Studio album by Gwar
- Released: September 17, 2013
- Genre: Thrash metal
- Length: 51:21
- Label: Metal Blade
- Producer: John Angelo

Gwar chronology
| Bloody Pit of Horror (2010) | Battle Maximus (2013) | The Blood of Gods (2017) |

= Battle Maximus =

Battle Maximus is the thirteenth studio album by American metal band Gwar. The album was released on September 17, 2013 through Metal Blade Records.

The album features several personnel changes. New members include guitarist Brent Purgason (of Cannabis Corpse) portraying the new character Pustulus Maximus, while new bassist Jamison Land portraya longtime character, Beefcake the Mighty. This is the final album with vocalist Dave Brockie who portrayed Oderus Urungus, due to Brockie's death from a heroin overdose on March 23, 2014.

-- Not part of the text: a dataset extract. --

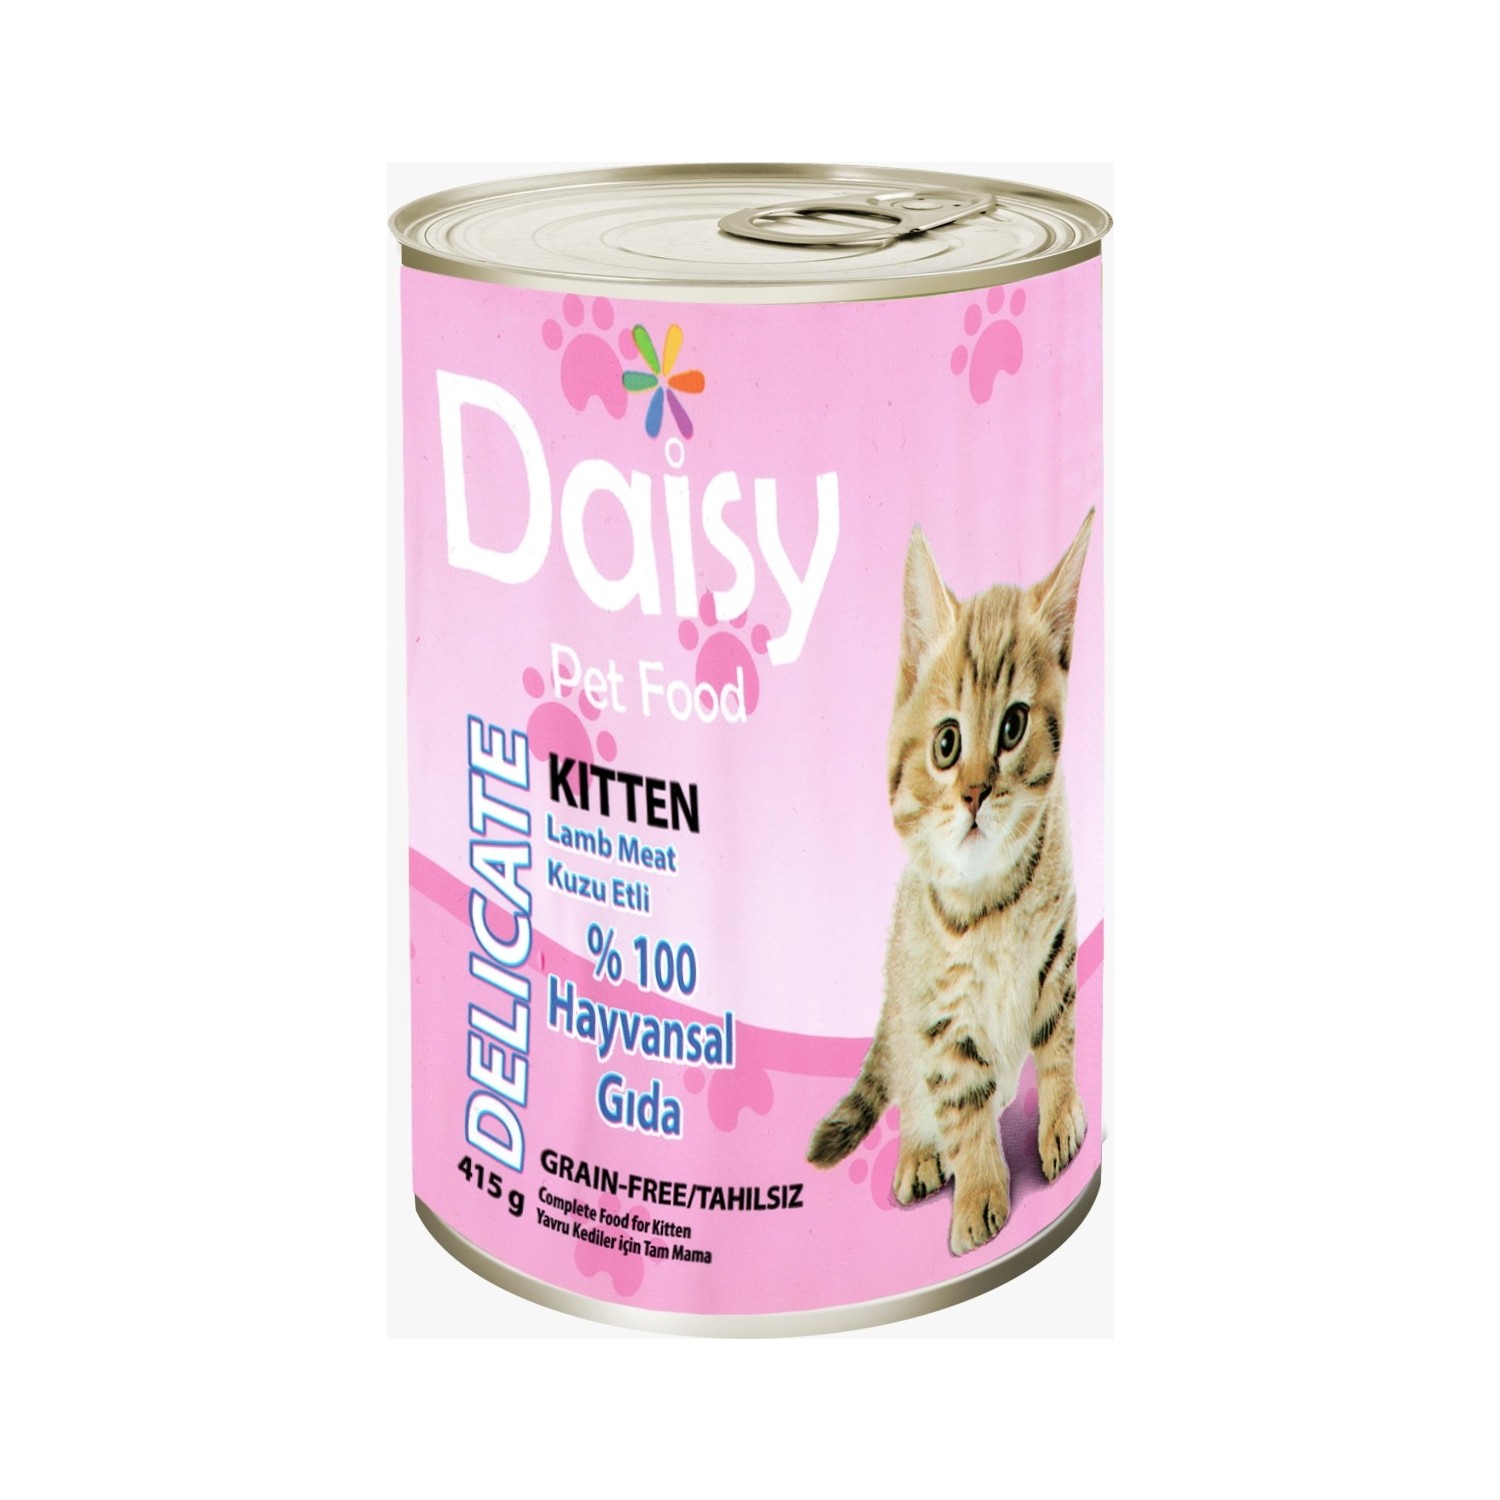 Daisy Tahılsız Kuzu Etli Konserve Yavru Kedi Maması 415 gr Fiyatı
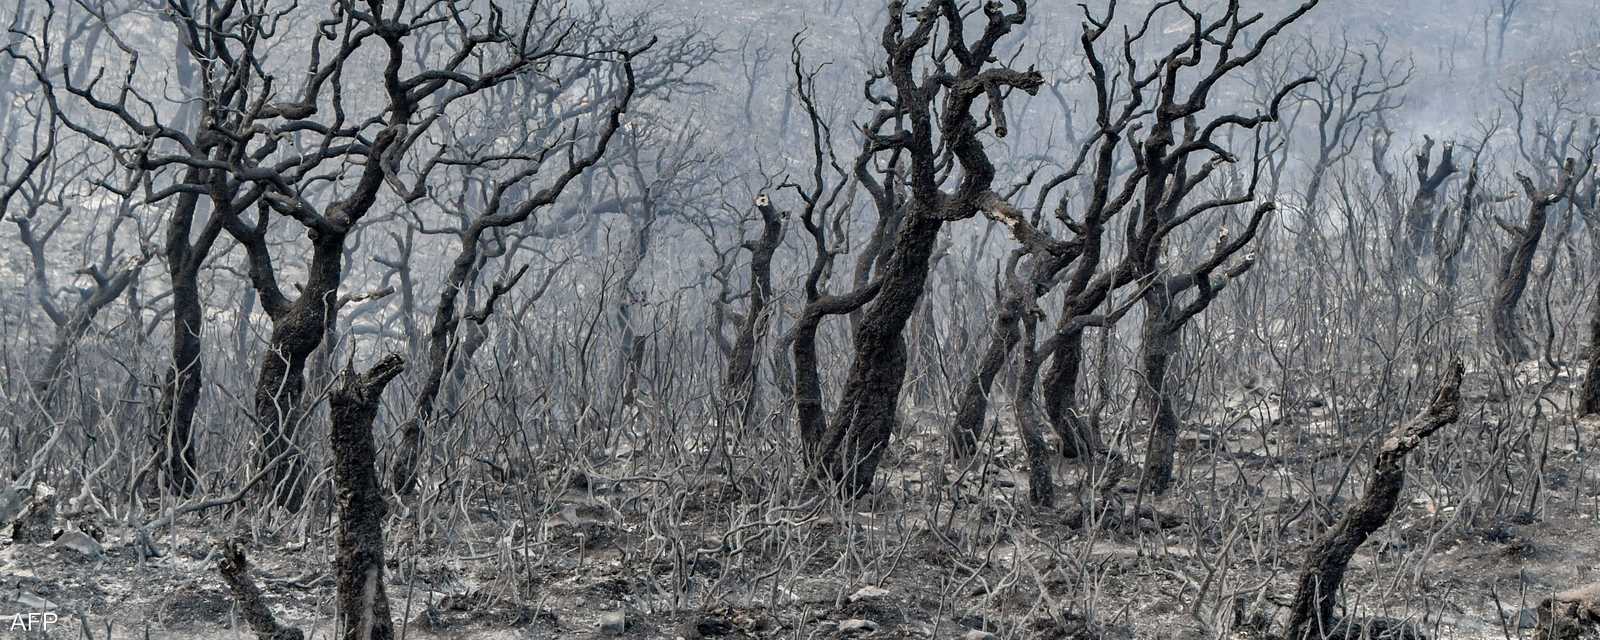 الأشجار احترقت في غابات ملولة طبرقة على الحدود مع الجزائر

The album was re-released September 1, 2023 as a special "10th Anniversary Edition". The re-release features completely new mixes of the album as well as the previously unreleased track "Tammy, the Swine Queen", which is the last song recorded by Brockie before his death.

==Overview==
The album's description reads:

"Battle Maximus" was conceived and recorded over the last year at the bands self-operated Slave Pit Studios, and was mixed by veteran metal producer Glen Robinson and mastered by the matchless Howie Weinberg. It features twelve brand-new tracks of sonic sedition guaranteed to make even the most hardened GWAR fans head explode, merely by looking at the packaging. With songs like "Madness at the Core of Time", "Torture", and "They Swallowed the Sun", the album not only tells the next chapter in the never-ending story of GWAR, but also stands as a tribute to the band's long-time guitar player, the incomparable Flattus Maximus, who left Earth and returned to the cosmos to fulfill his glorious destiny almost two years ago.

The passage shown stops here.